That would start a panic with many people. Hope it's not true. We're in purdy darn good shape and we can take care of ourselves for some time.

Hope the mail & parcel delivery keeps running, lots of us get our medications via both methods.....


----------



## Steve40th (Aug 17, 2016)

stevekozak said:


> That seemed, by and large, to be a specific demographic.


It was the canadians.. It goes to show how delicate the balance between civility and chaos is nowadays.


----------



## rice paddy daddy (Jul 17, 2012)

OOIDA, an organization of independent owner/operator semi truck drivers, has stated they are hearing from their membership that some drivers may park their rigs because they can not get virus testing done. And, given the fact they are hauling into some sketchy areas, they are concerned.
OOIDA has asked the Feds to have testing sites in truck stops to help with the problem.

Folks, if you think store shelves are sparse now, if just half of the trucks stop, within one week there will be no food, and riots in the streets.


----------



## Steve40th (Aug 17, 2016)

rice paddy daddy said:


> OOIDA, an organization of independent owner/operator semi truck drivers, has stated they are hearing from their membership that some drivers may park their rigs because they can not get virus testing done. And, given the fact they are hauling into some sketchy areas, they are concerned.
> OOIDA has asked the Feds to have testing sites in truck stops to help with the problem.
> 
> Folks, if you think store shelves are sparse now, if just half of the trucks stop, within one week there will be no food, and riots in the streets.


But, when it is all said and done, there will be less need for food on the shelves...


----------



## 1895gunner (Sep 23, 2012)

rice paddy daddy said:


> OOIDA, an organization of independent owner/operator semi truck drivers, has stated they are hearing from their membership that some drivers may park their rigs because they can not get virus testing done. And, given the fact they are hauling into some sketchy areas, they are concerned.
> OOIDA has asked the Feds to have testing sites in truck stops to help with the problem.
> 
> Folks, if you think store shelves are sparse now, if just half of the trucks stop, within one week there will be no food, and riots in the streets.

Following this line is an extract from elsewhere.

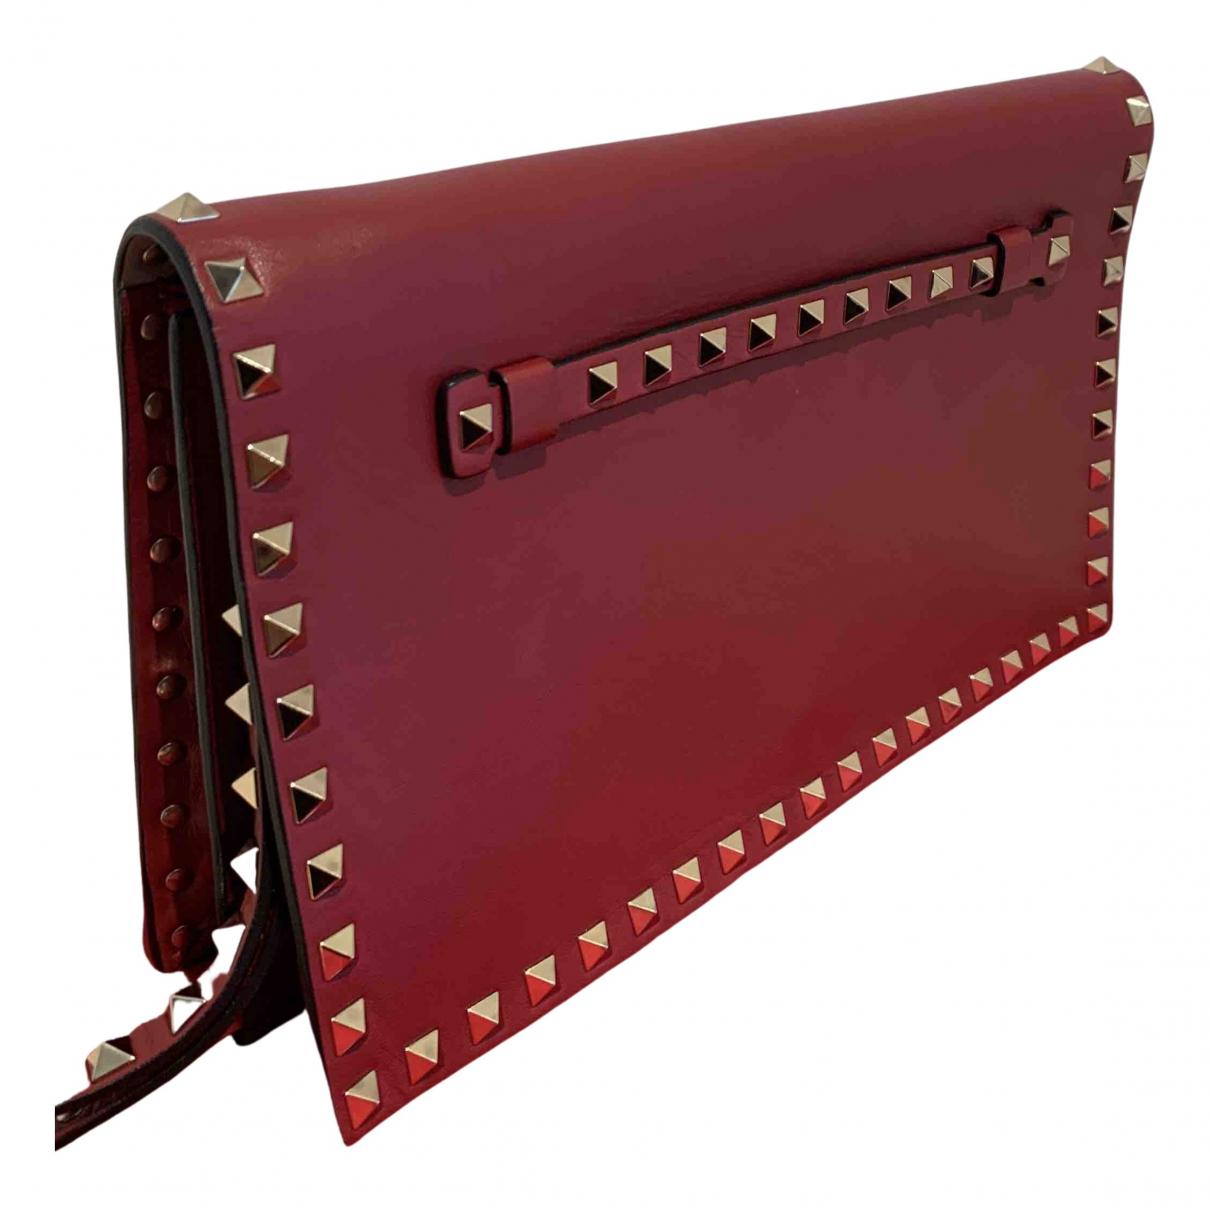 Valentino Garavani Rockstud Burgundy Leather Clutch bag for Women N

I couldn't have said it any better. W/O the truck drivers we would be screwed....


----------



## bigwheel (Sep 22, 2014)

Chipper said:


> Guess it's time to put the 9mm's away and get the 10mm's out.


I favor 10 mm lights or 9 mm heavies called .40s lol. Hey did anybody every figure out if my my P 226 .40 can shoot 10 mm? Seems like I read the plastic Glock guns can do it. Anybody know for sure?


----------



## Maine-Marine (Mar 7, 2014)

inceptor said:


> Uh huh. They said that about the EBT cards. The system went down for 11 hours and you would have thought they were permanently turned off. I followed that one closely too.


I remember that... you would have thought somebody had stolen their life savings and abused their pet hamster


----------



## SRU Viper (Mar 17, 2020)

bigwheel said:


> I favor 10 mm lights or 9 mm heavies called .40s lol. Hey did anybody every figure out if my my P 226 .40 can shoot 10 mm? Seems like I read the plastic Glock guns can do it. Anybody know for sure?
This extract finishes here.